## THE TASK
Keep every word of the listing and drop the images when you write it out.

## STORED DATA
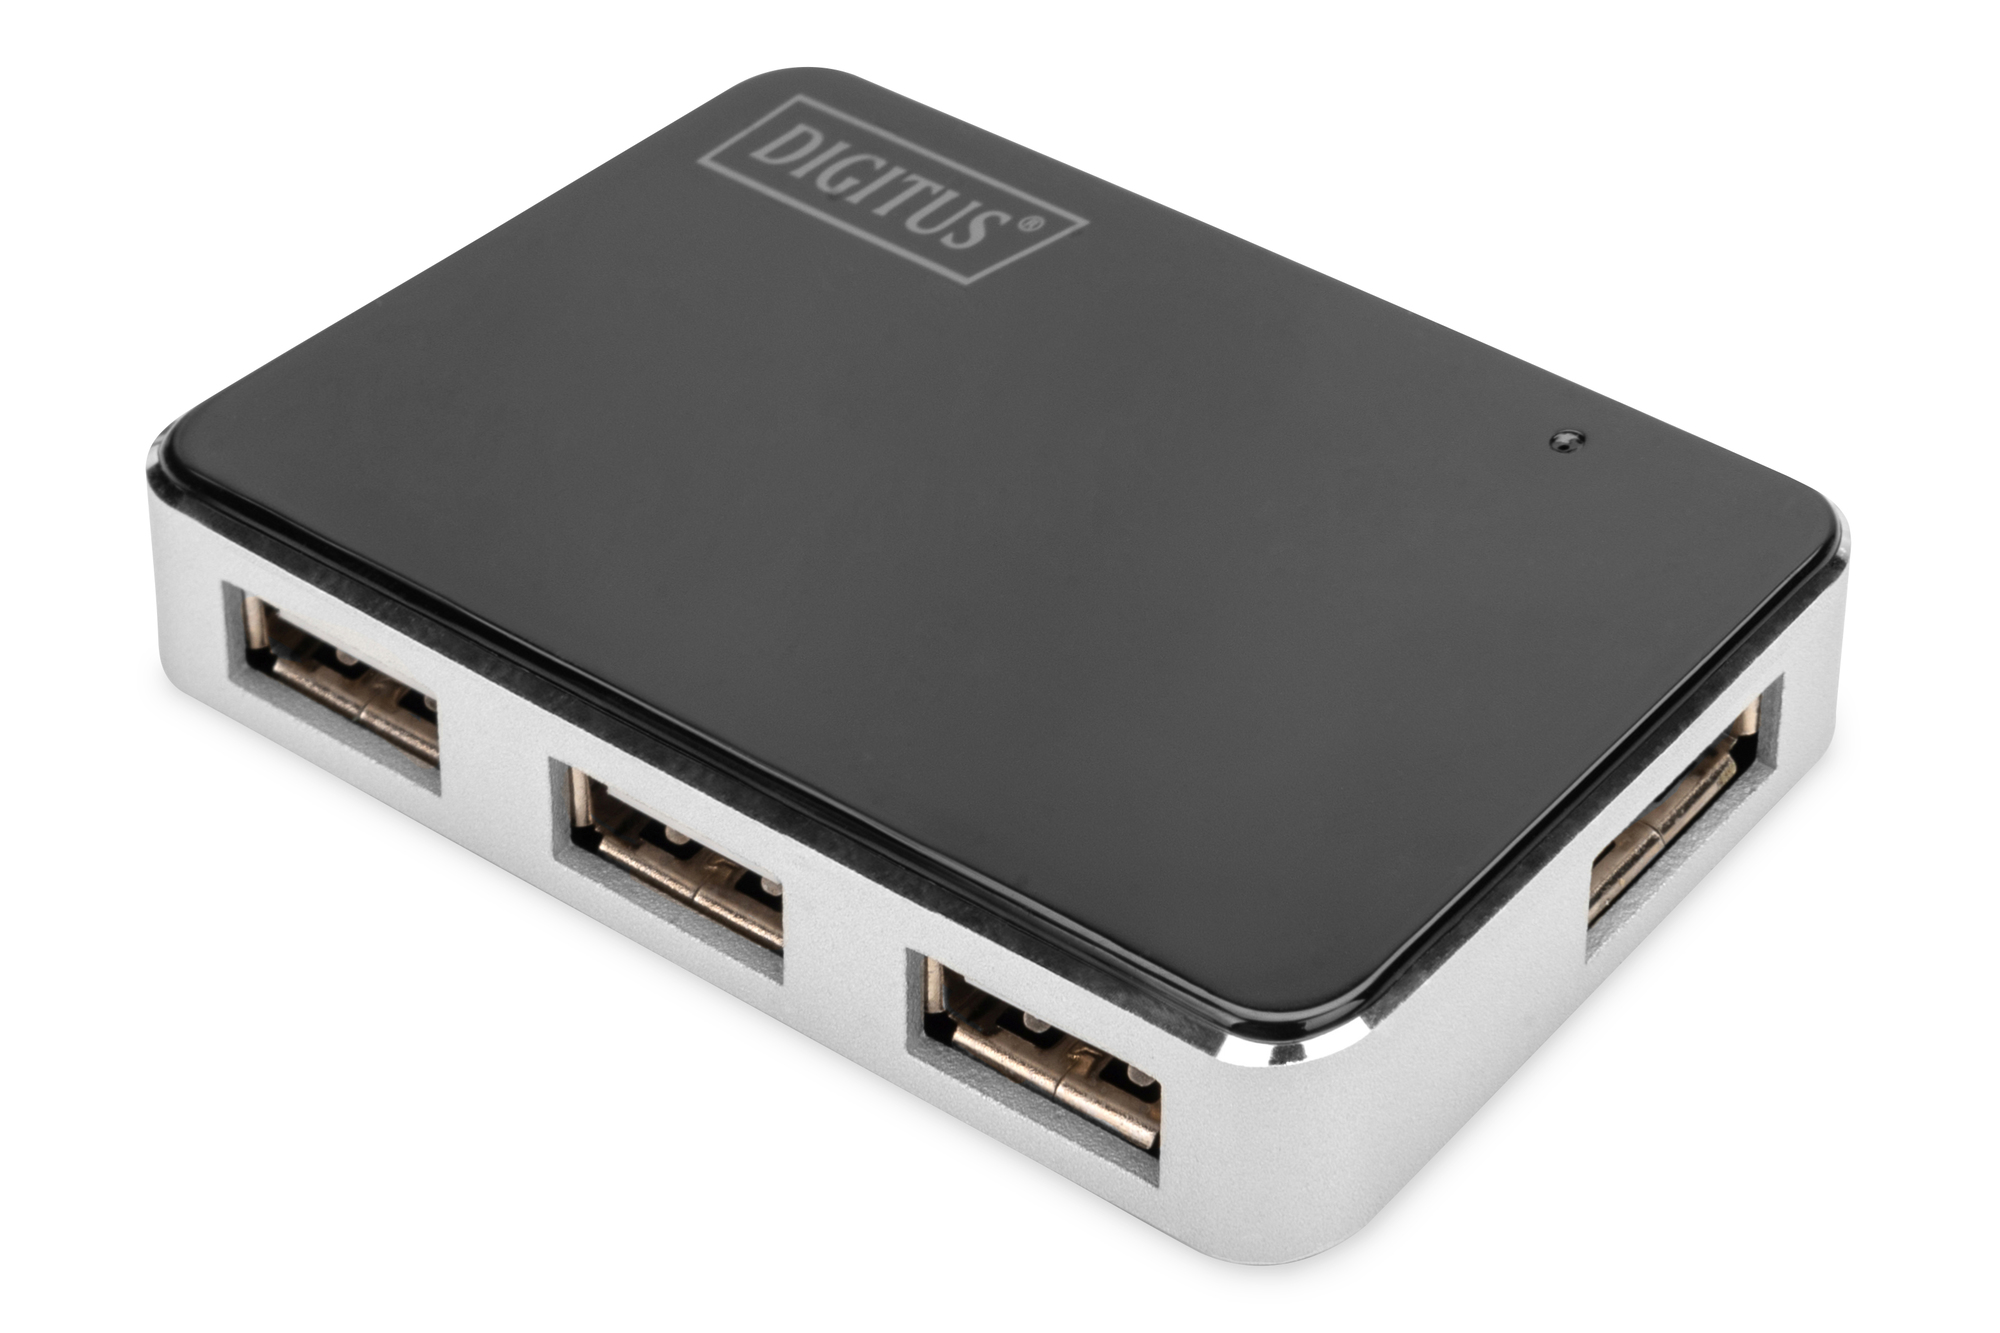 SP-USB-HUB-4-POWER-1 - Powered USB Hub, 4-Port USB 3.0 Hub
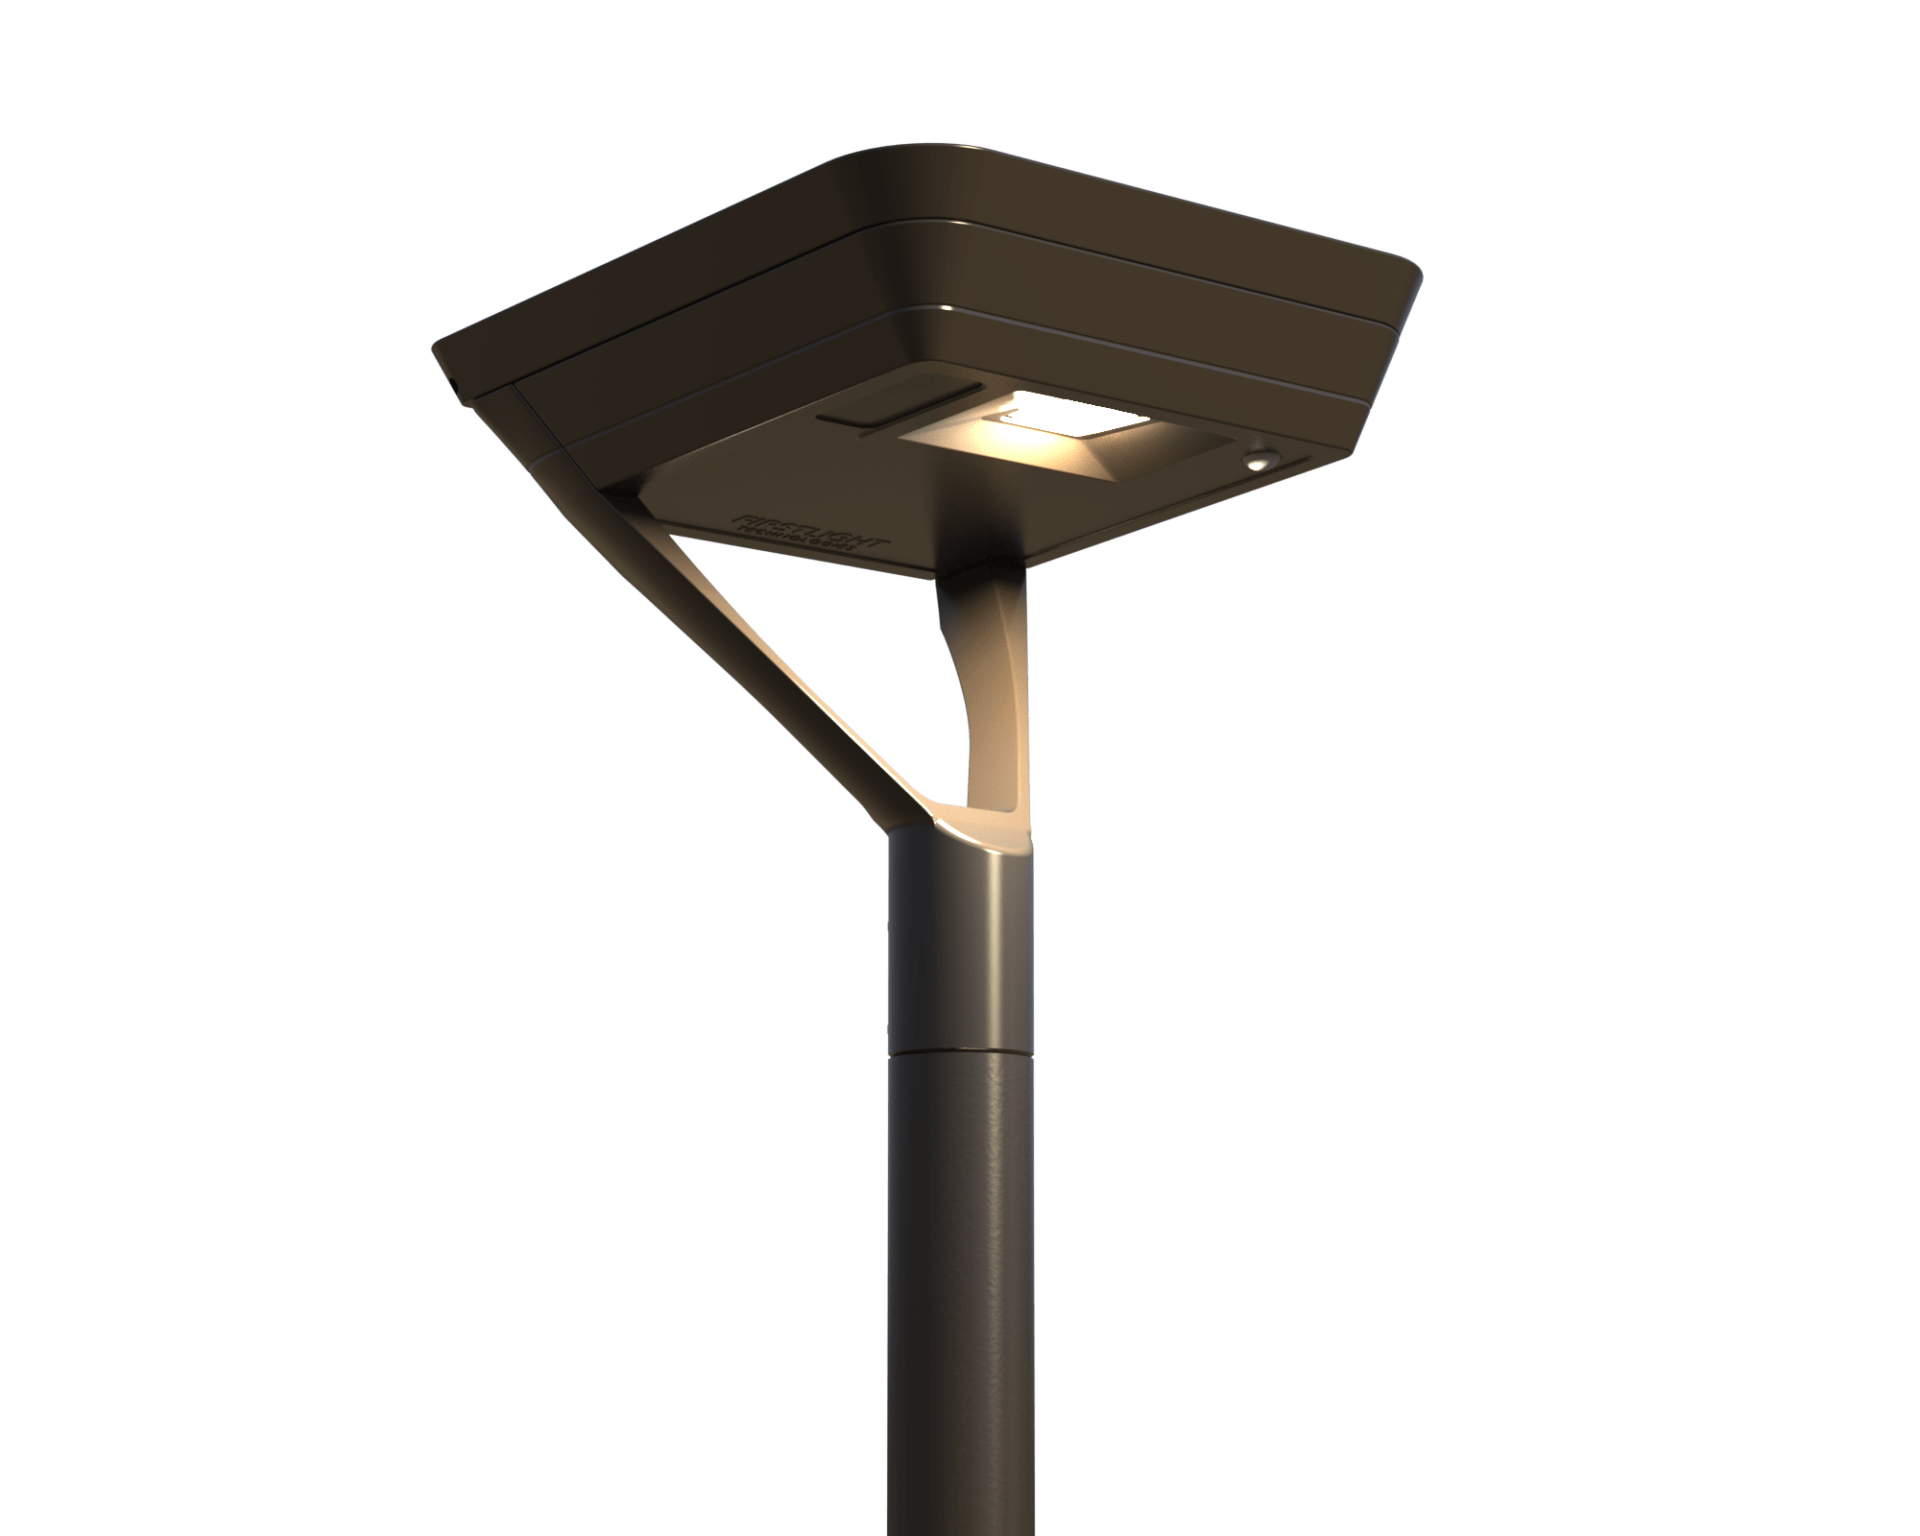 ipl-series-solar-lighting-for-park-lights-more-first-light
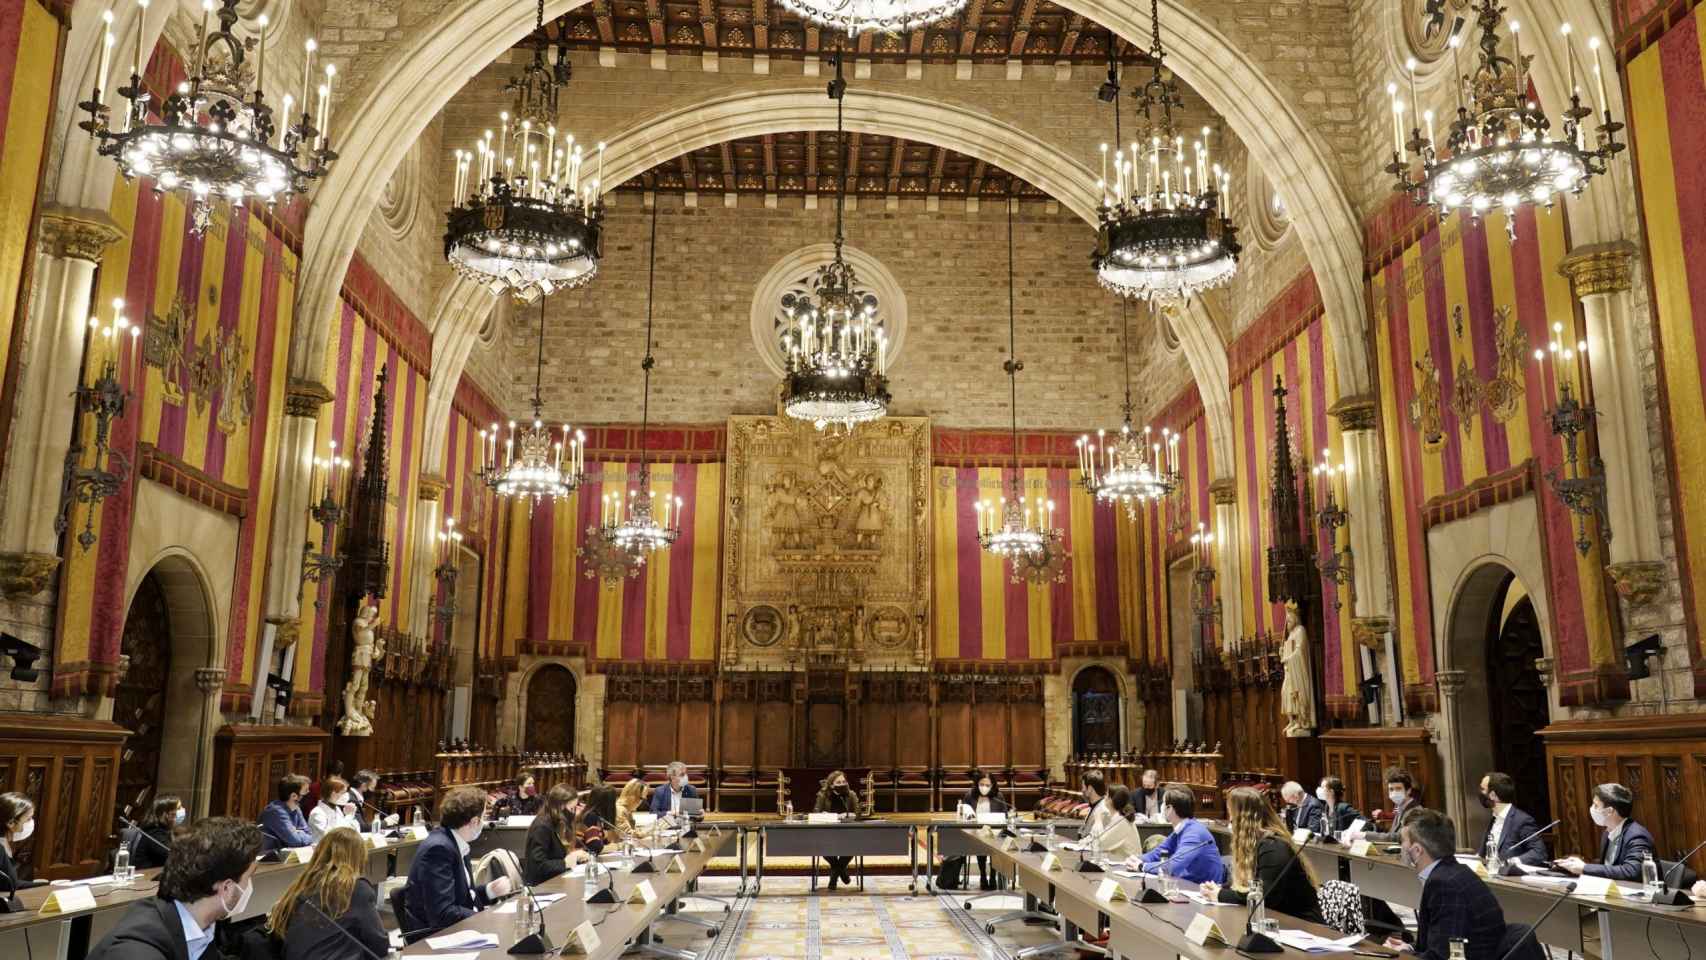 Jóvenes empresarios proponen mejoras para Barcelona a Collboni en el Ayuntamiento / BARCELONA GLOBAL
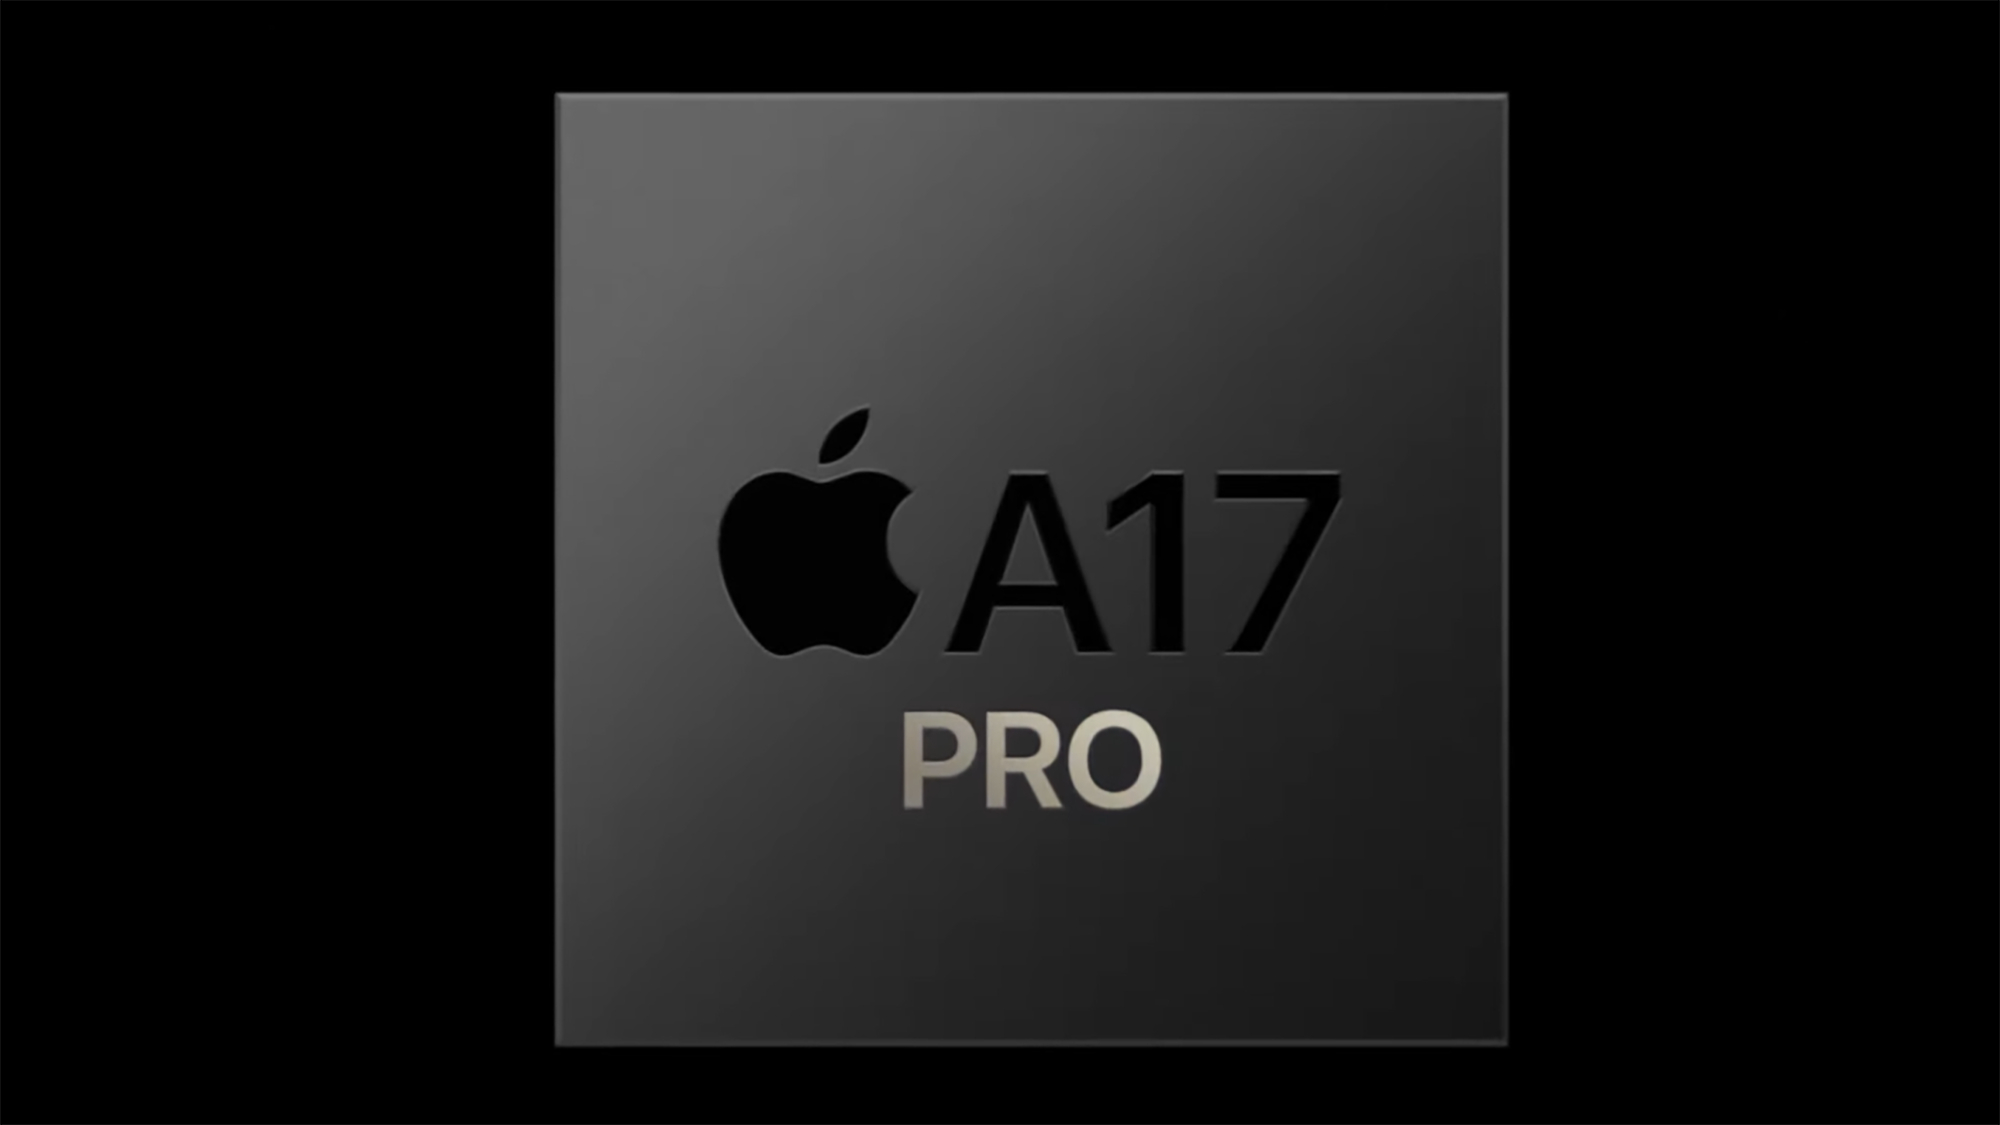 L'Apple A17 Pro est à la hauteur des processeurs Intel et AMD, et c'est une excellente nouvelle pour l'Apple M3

## YOUR SOLUTION
 SP-USB-HUB-4-POWER-1 - Powered USB Hub, 4-Port USB 3.0 Hub
 ipl-series-solar-lighting-for-park-lights-more-first-light
 Jóvenes empresarios proponen mejoras para Barcelona a Collboni en el Ayuntamiento / BARCELONA GLOBAL
 L'Apple A17 Pro est à la hauteur des processeurs Intel et AMD, et c'est une excellente nouvelle pour l'Apple M3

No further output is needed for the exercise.